■ **Supplied material**:
-------------------------

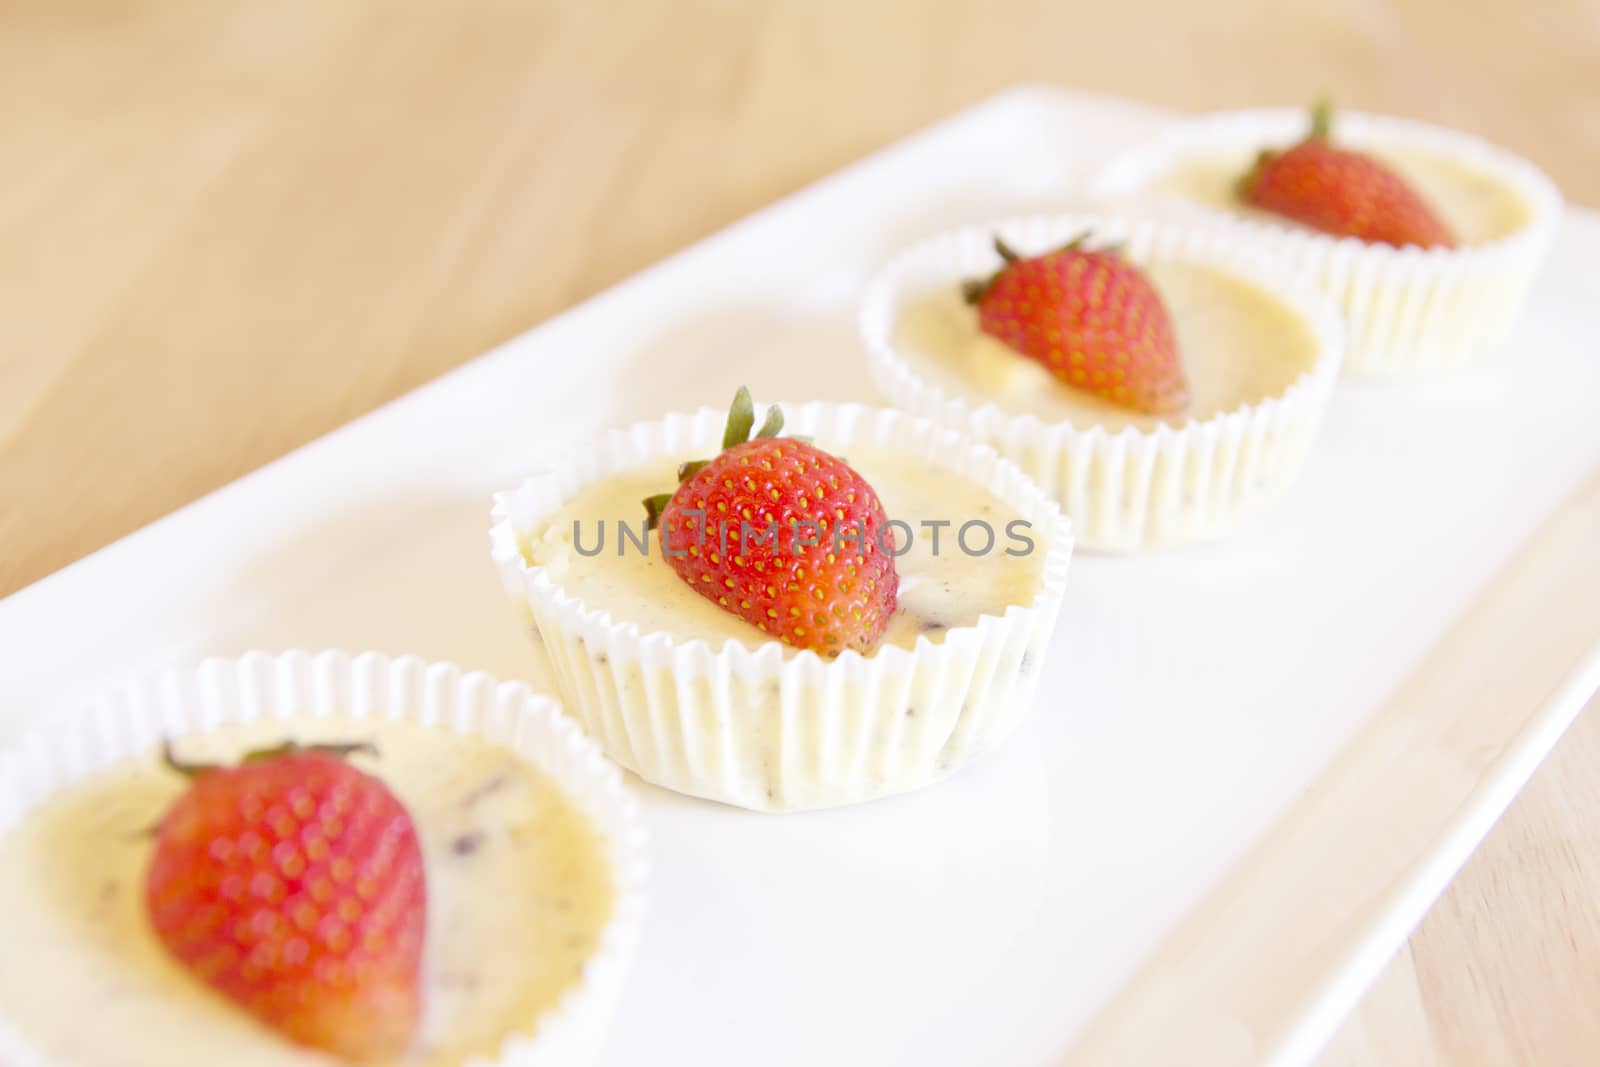 Chese Cake with Strawberry on top by wyoosumran
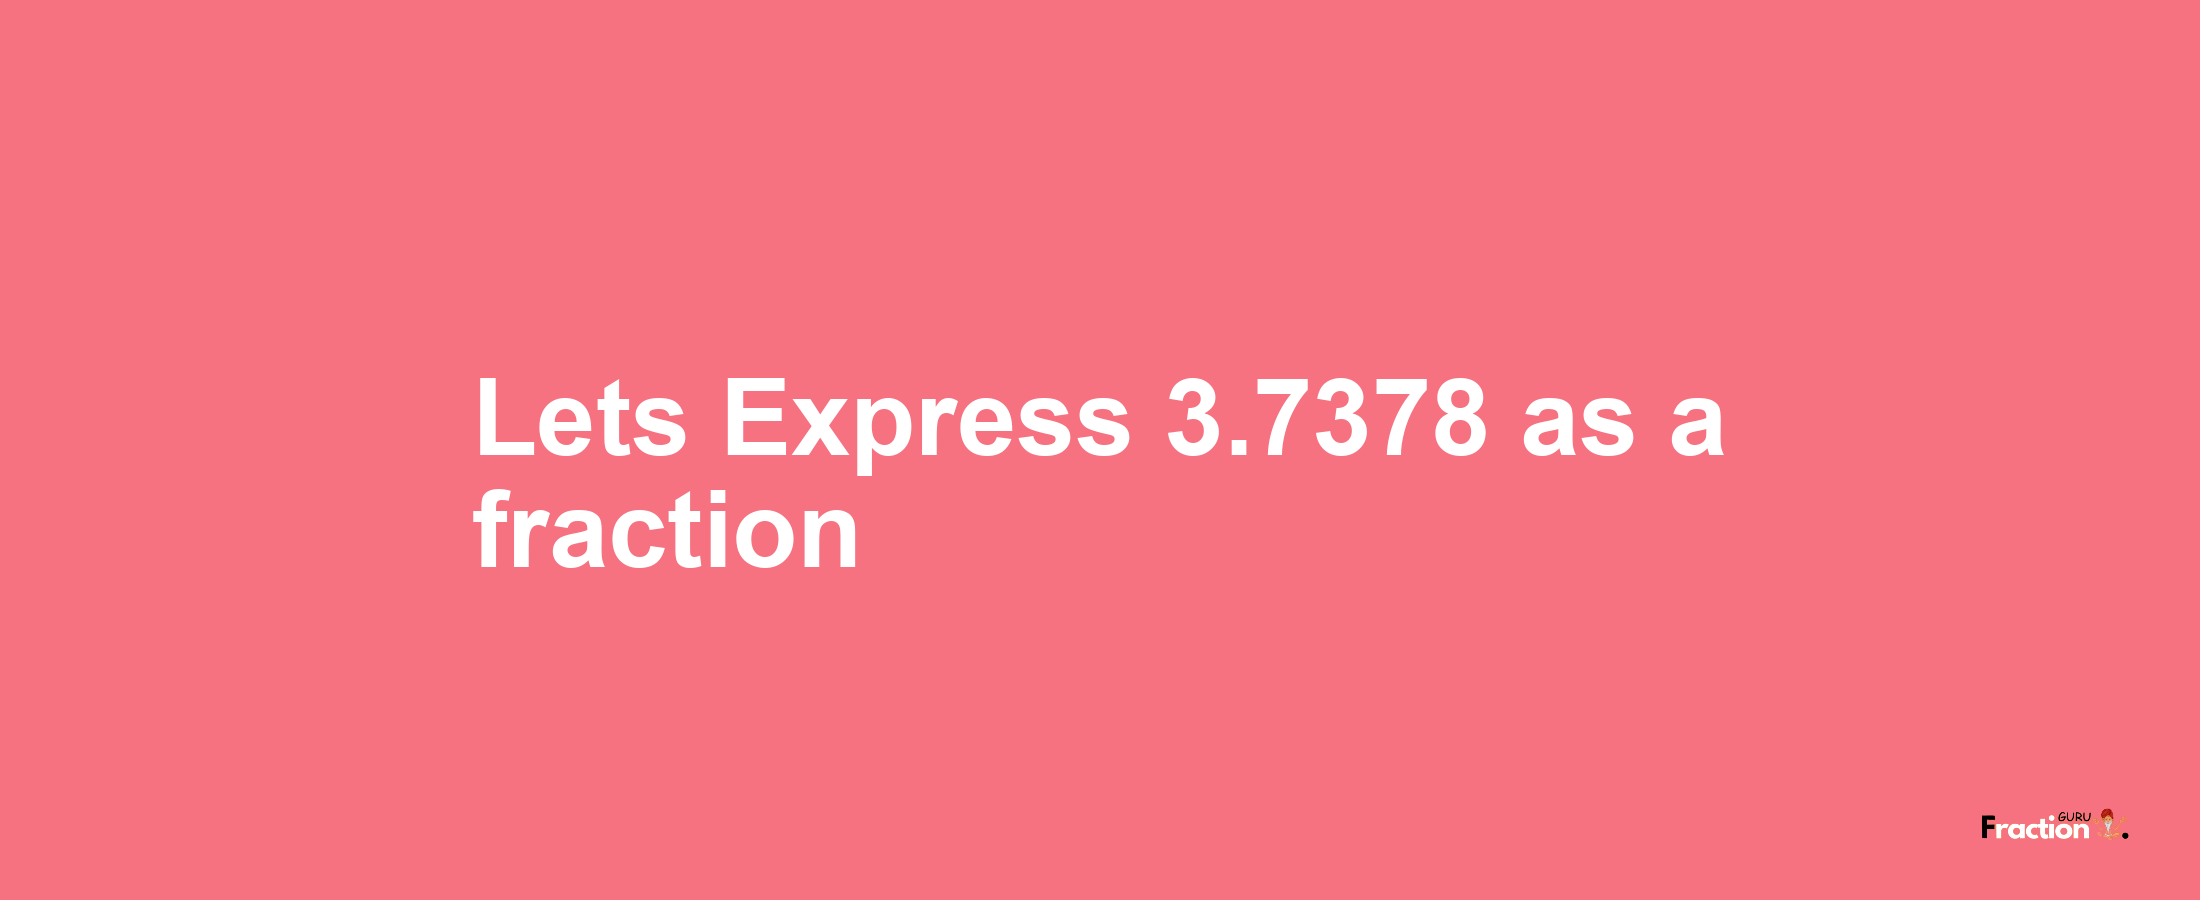 Lets Express 3.7378 as afraction
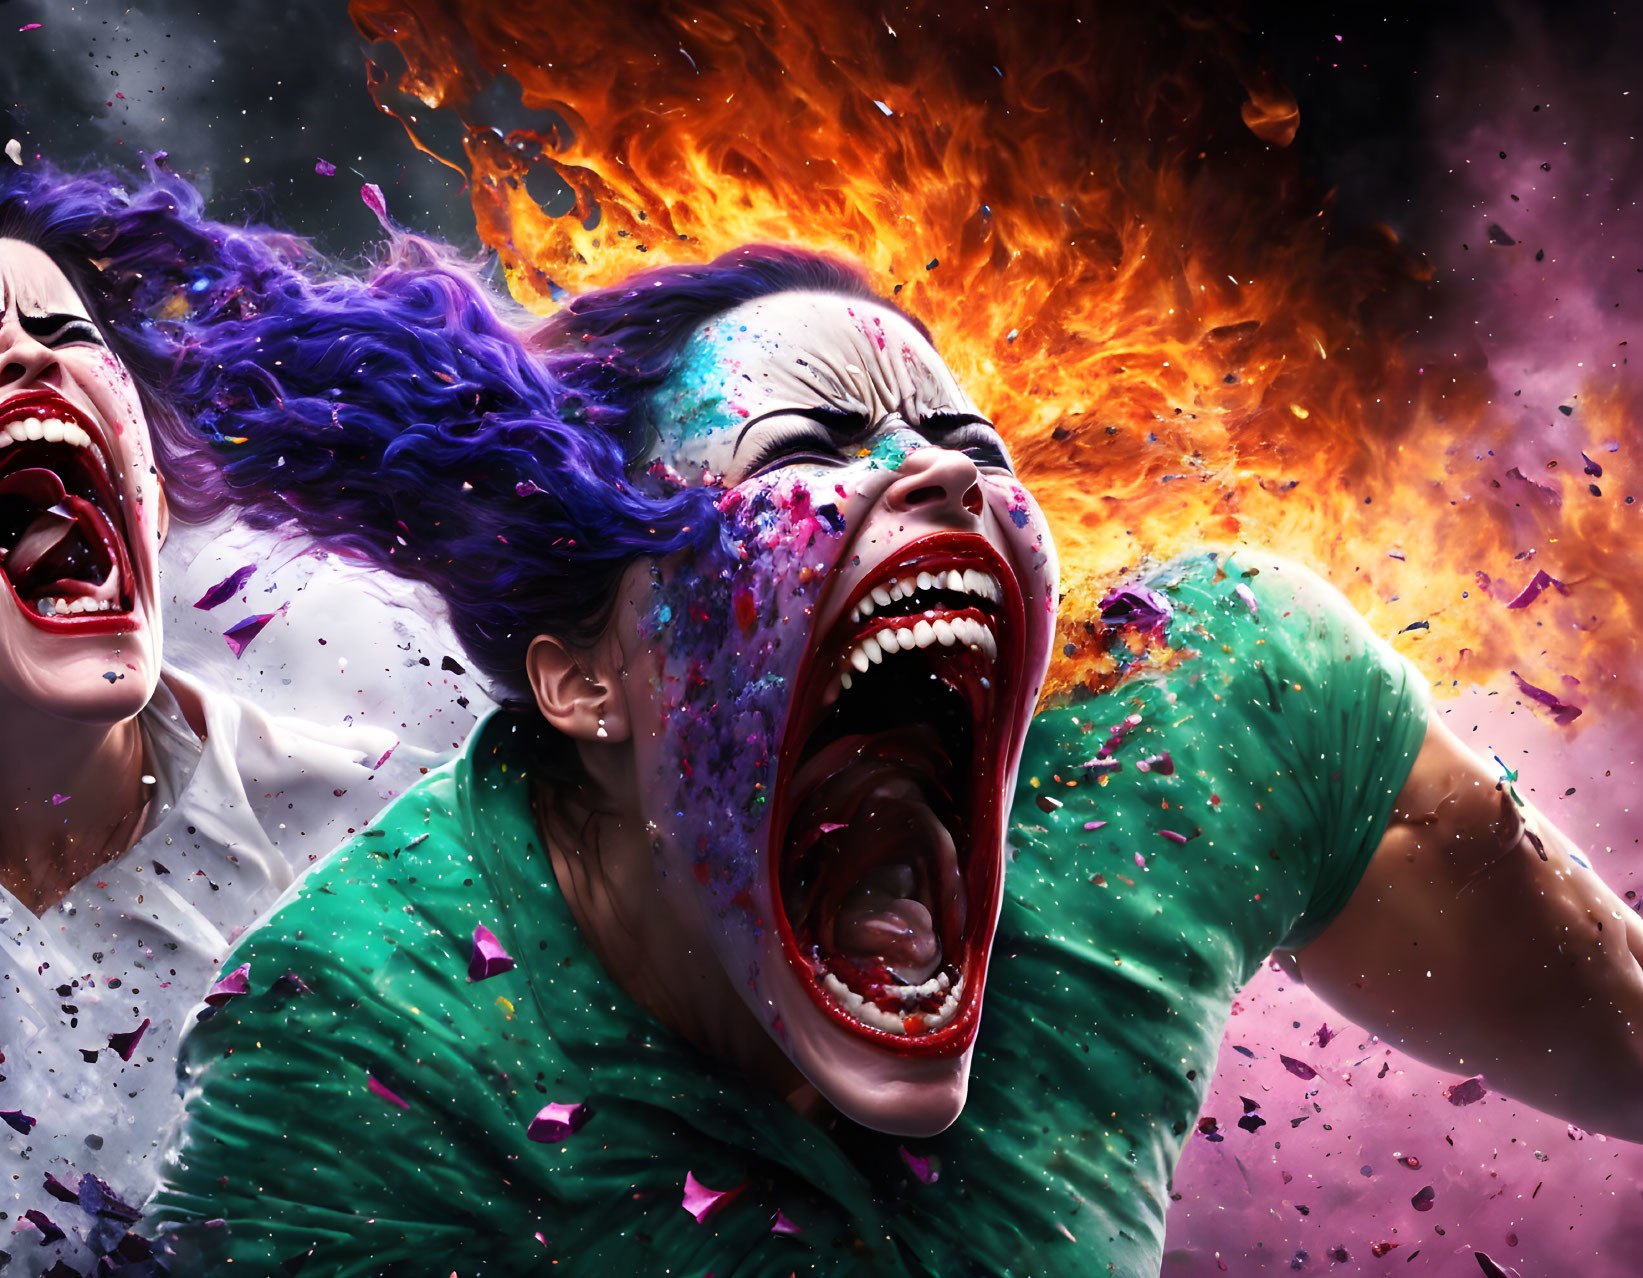 Two Women Screaming with Vibrant Face Paint in Front of Flames and Debris
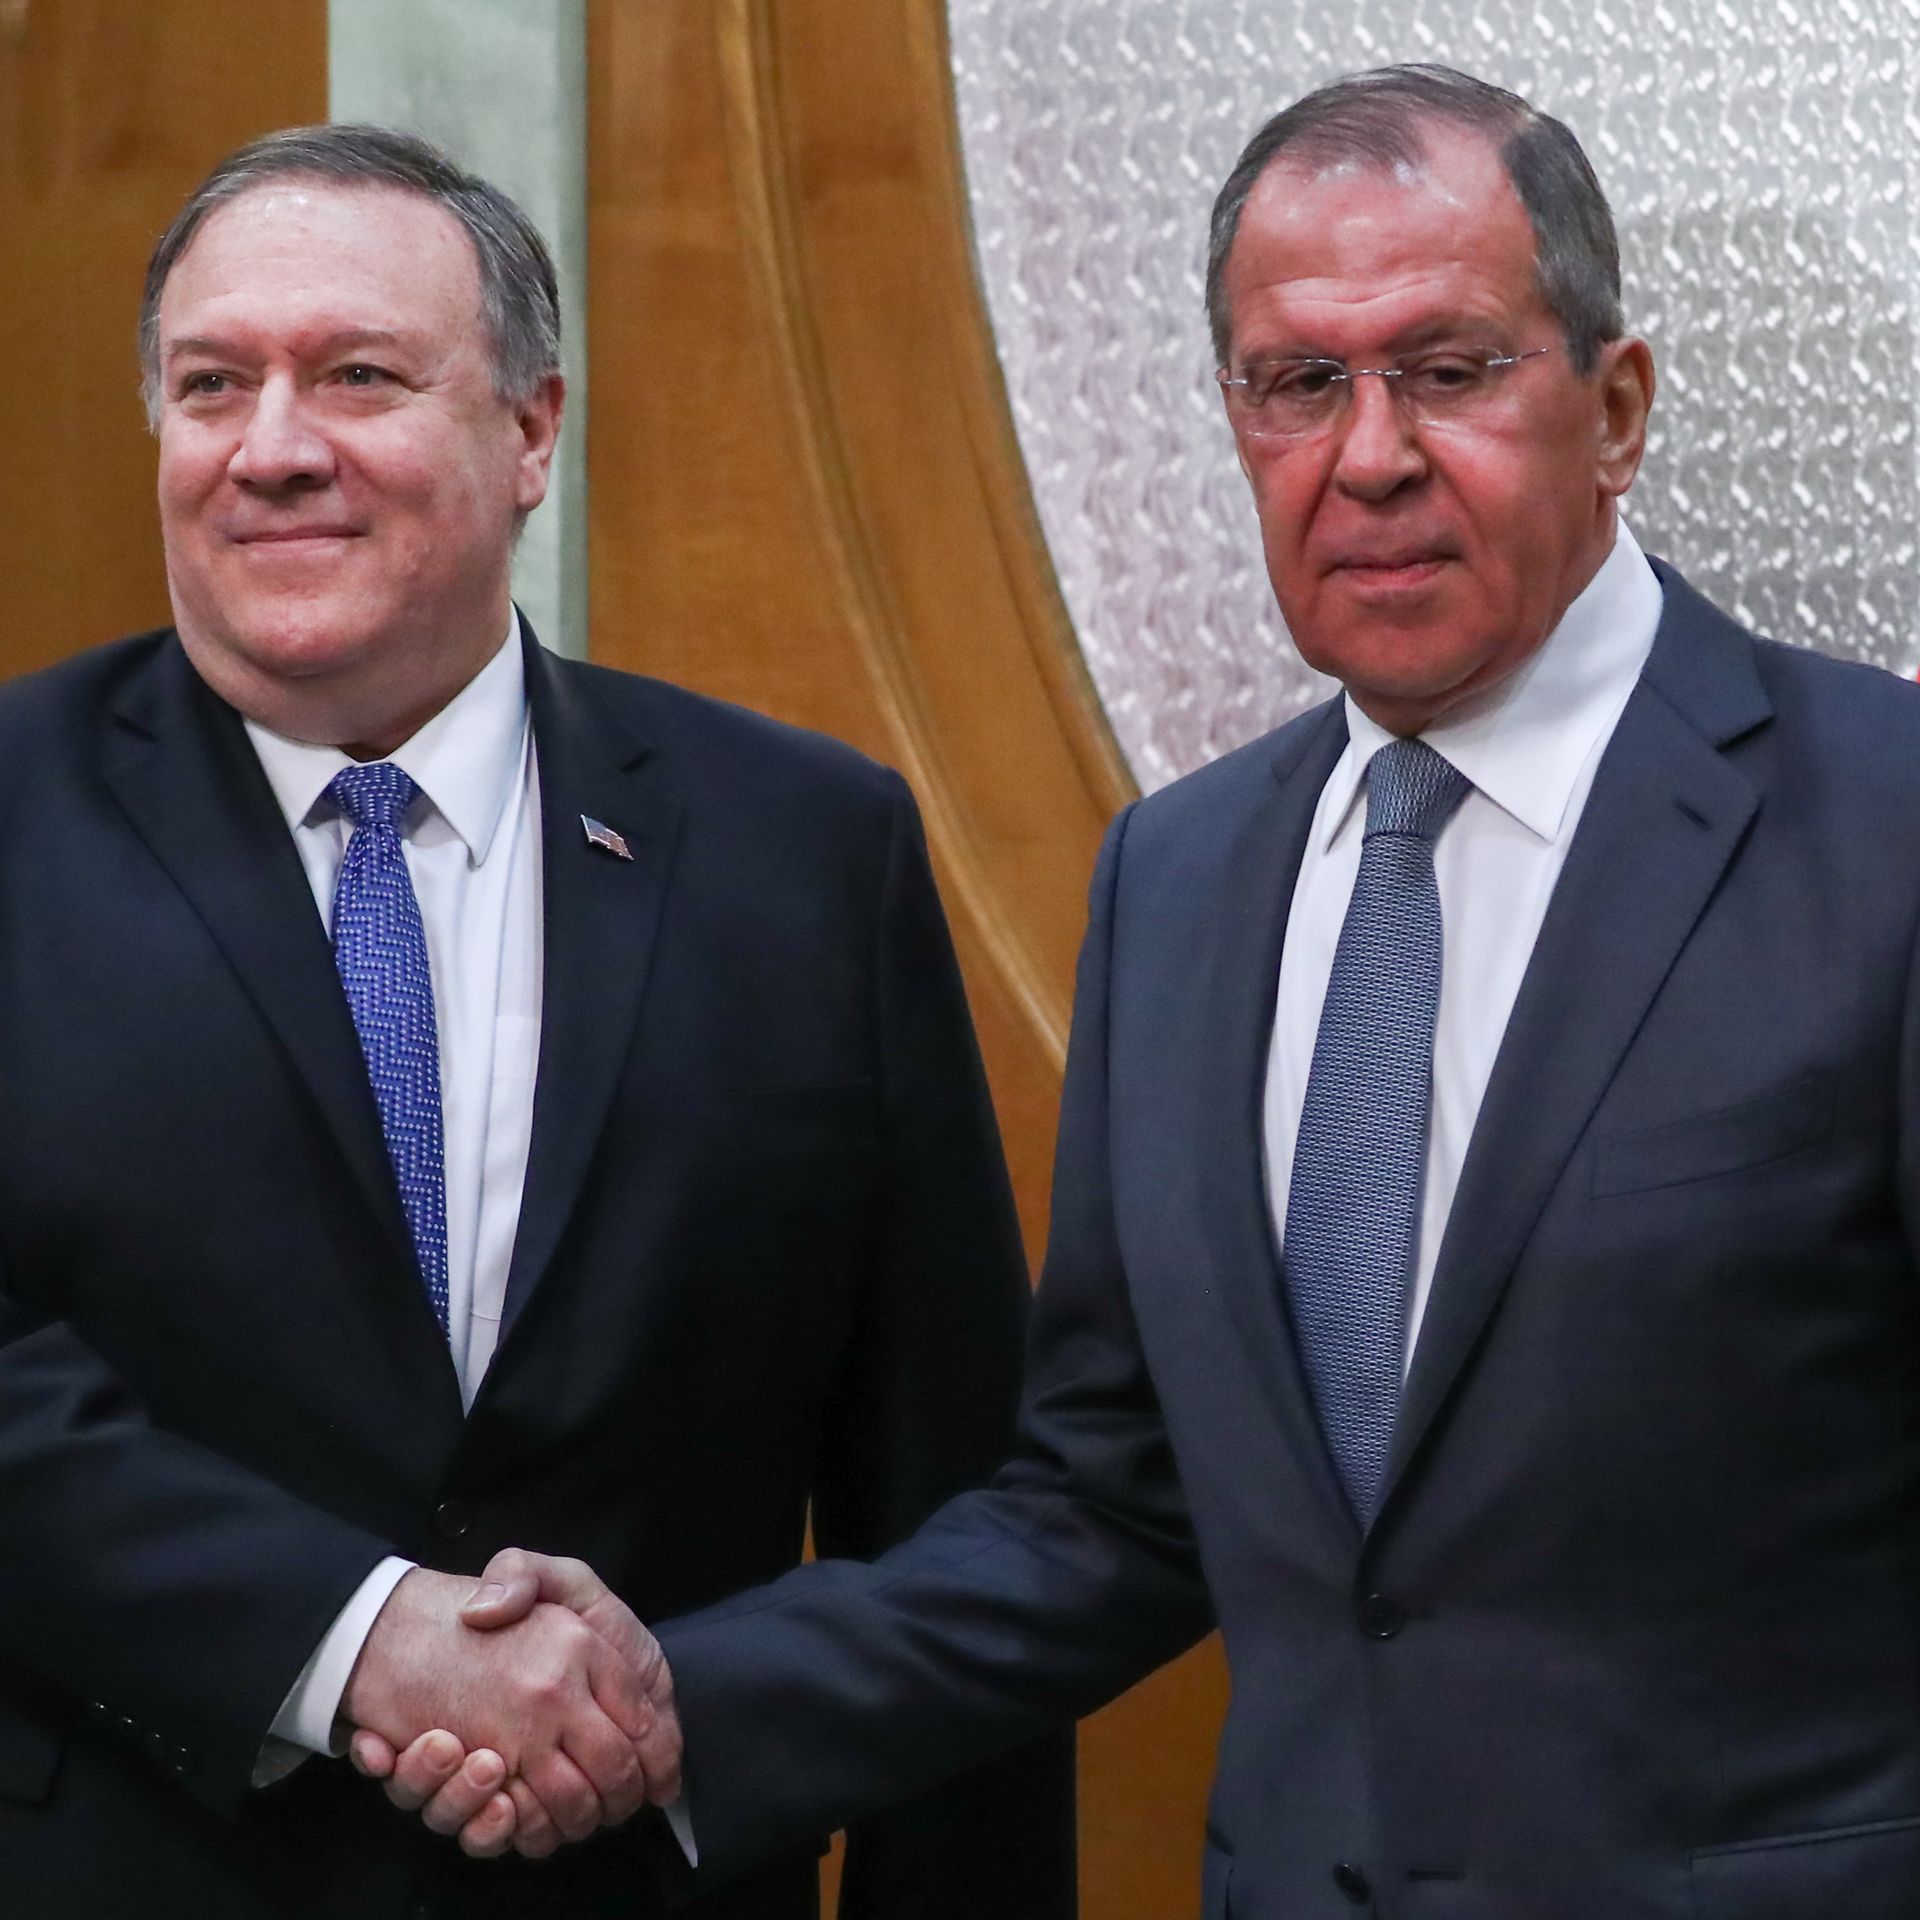 Mike Pompeo and Sergey Lavrov

-------------------------

■ **Problem statement**:
Nothing but an exact copy of the data above, minus its pictures, should appear in the response.

■ **Answer box**:
 Chese Cake with Strawberry on top by wyoosumran
 Lets Express 3.7378 as afraction
 Two Women Screaming with Vibrant Face Paint in Front of Flames and Debris
 Mike Pompeo and Sergey Lavrov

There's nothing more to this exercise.